Review of the Day: The Legend of Bass Reeves

I was recently at the ALA Conference in New Orleans sitting in on a Random House presentation at an hour that, to me, was far too early. As a result, I was having difficulty keeping awake, and only the stack of goodies on my seat (free books and the like) were keeping my eyes occupied. Still, all the upcoming books from Random House sounded good. There were some favorite authors I’d been wanting to read and some new names I wanted to check out. But it really wasn’t until I heard someone explain what The Legend of Bass Reeves by Gary Paulsen was that I found myself awake and all my cylinders clicking. When I heard the story behind this book it was akin to an electric current in my bloodstream. Bass Reeves. Perhaps the only truly heroic man to bring law and order to the Old West. A man who never shot first, never was wounded in a gun battle, and was renowned for his steady trigger finger. Now here’s the kicker. Not only was this man real, but he was a former slave as well. I was hooked then and after reading this book I'm still as hooked as ever. I may have some quibbles with how Paulsen chose to present his information, but you cannot get around the fact that there's some juicy info and child-friendly tidbits filling up this fabulous children's title.

Now think of some heroes of the Old West. Kit Carson. Wild Bill Hickok. Billy the Kid. We know them from their movies and their legends. Trouble is, even the tiniest bit of scrutiny will reveal how lame these so-called heroes really were. Kit Carson was an egomaniac killer with a posse of other killers by his side. Hickock was an alcoholic loser who died drunk when he was shot while gambling. And Billy the Kid... heck, my own great-grandmother was scared to death of the sociopath when she was living in Oklahoma, back in the day. Nope, there’s just one guy who might be truly considered a “hero”, and you’ve never even heard of him. His name was Bass Reeves. Taking his life into his hands, Paulsen reconstructs the life Reeves could have led. We see the boy living with his mother and owner (a man he simply calls, “Mister”) in Texas, scraping out a life as best he can. When Bass’s dignity gets him into trouble he leaves home and lives in the wild for a couple of years. After joining up with a Creek tribe he eventually became a U.S. Marshall, and his legend was without comparison. Whether the book is riding fast on the trail of a murderous horse stealer, or showing Bass rescuing a child from rabid wolves, the book is anything but dull.
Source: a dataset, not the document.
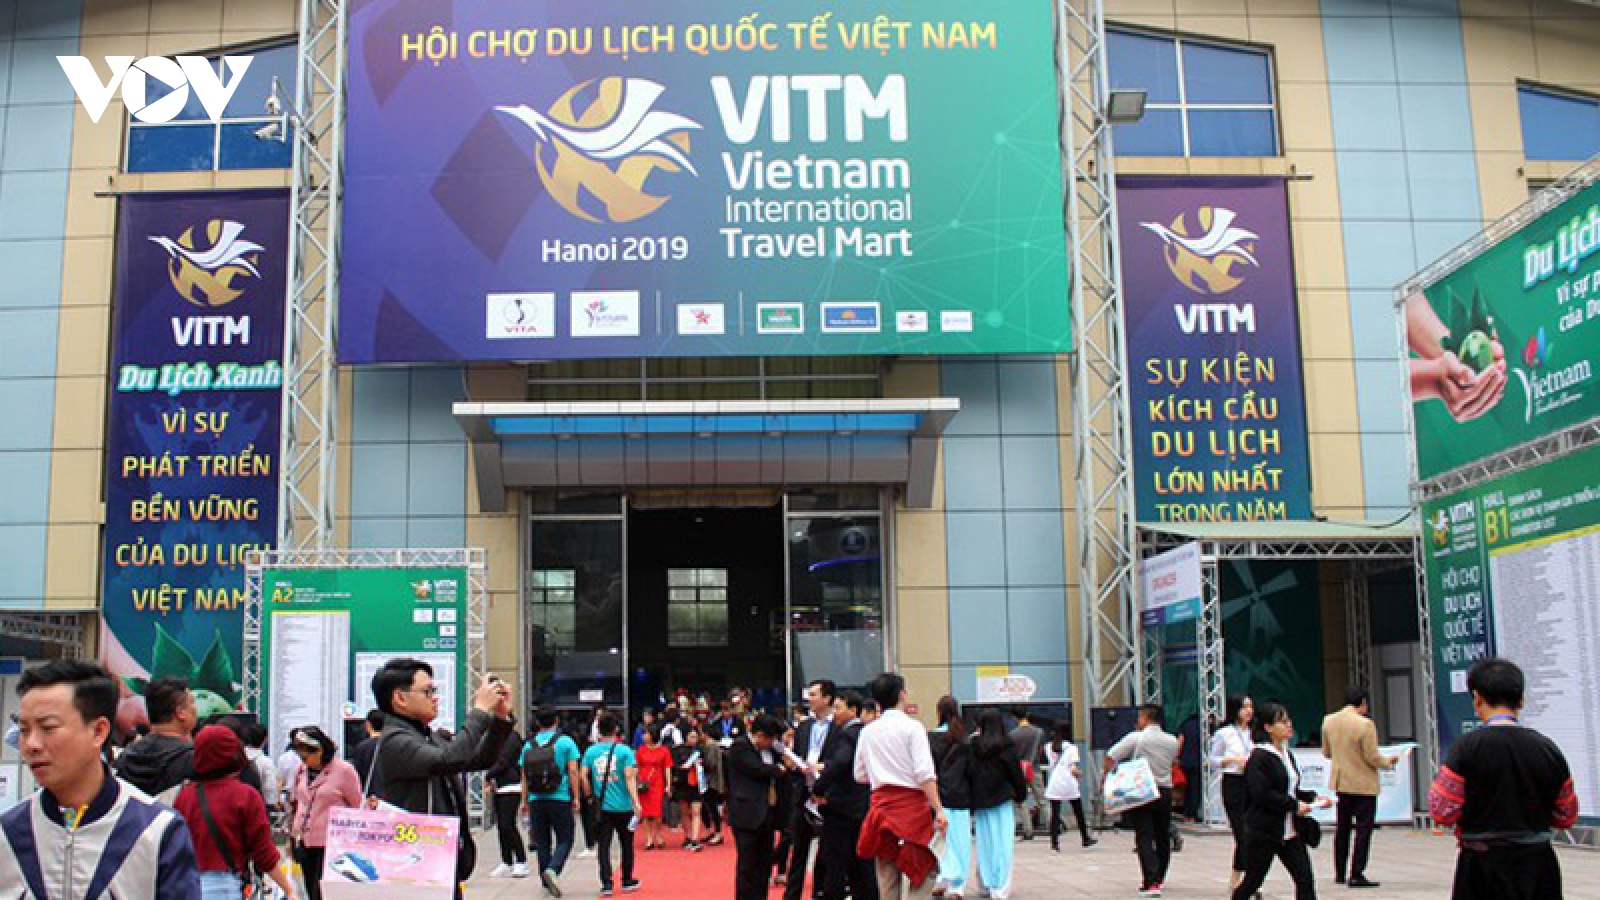 VITM 2020 promotes IT application in tourism services

When authors want to bring to life African-American lives from the past, they often find themselves in a bit of a bind. What with poor record keeping, racism, and time itself, records of blacks from the past are spotty at best. Unless you’re dealing with someone recent or incredibly well-known, you’re not going to be able to find much information. If you’re an author, what recourse do you have? Well, you might want to try your hand at publishing a work of non-fiction. Maritcha by Tonya Bolden is an excellent example of an author bending over backwards to put an African-American girl from the 1800s in historical perspective. That’s one way to go about it. The other is to do what Gary Paulsen has tried here. Fictionalize the life of this person, all the while interweaving your story with the facts that we know. In this way the book is split between three sections that tell us facts about the real Bass Reeves and three sections that imagine what his life might have been like.

It was surprising to find that Paulsen choose to spend so little time concentrating on Reeves’s life as a lawman. Instead, the real focus of the book is of Bass as both boy slave and free young man. Paulsen says as much in his Author’s Note when he writes, “The part about his boyhood is the longest because to me it was the most important part of his life, the fire that forged him”. It was a good idea to do this, in retrospect. Kids may enjoy reading about a hero, but they’re going to identify with him more readily if they see him first as a boy. As always, Paulsen is adept at slipping with seemingly little effort into the rough and tumble world of the Old West. His writing falls gracefully onto each and every page. At one point Bass must run away from his owner and his mother bestows on him the advice, “don’t stop until you har a man call you Mister”. Trust Paulsen to make succinct an emotional powderkeg or two.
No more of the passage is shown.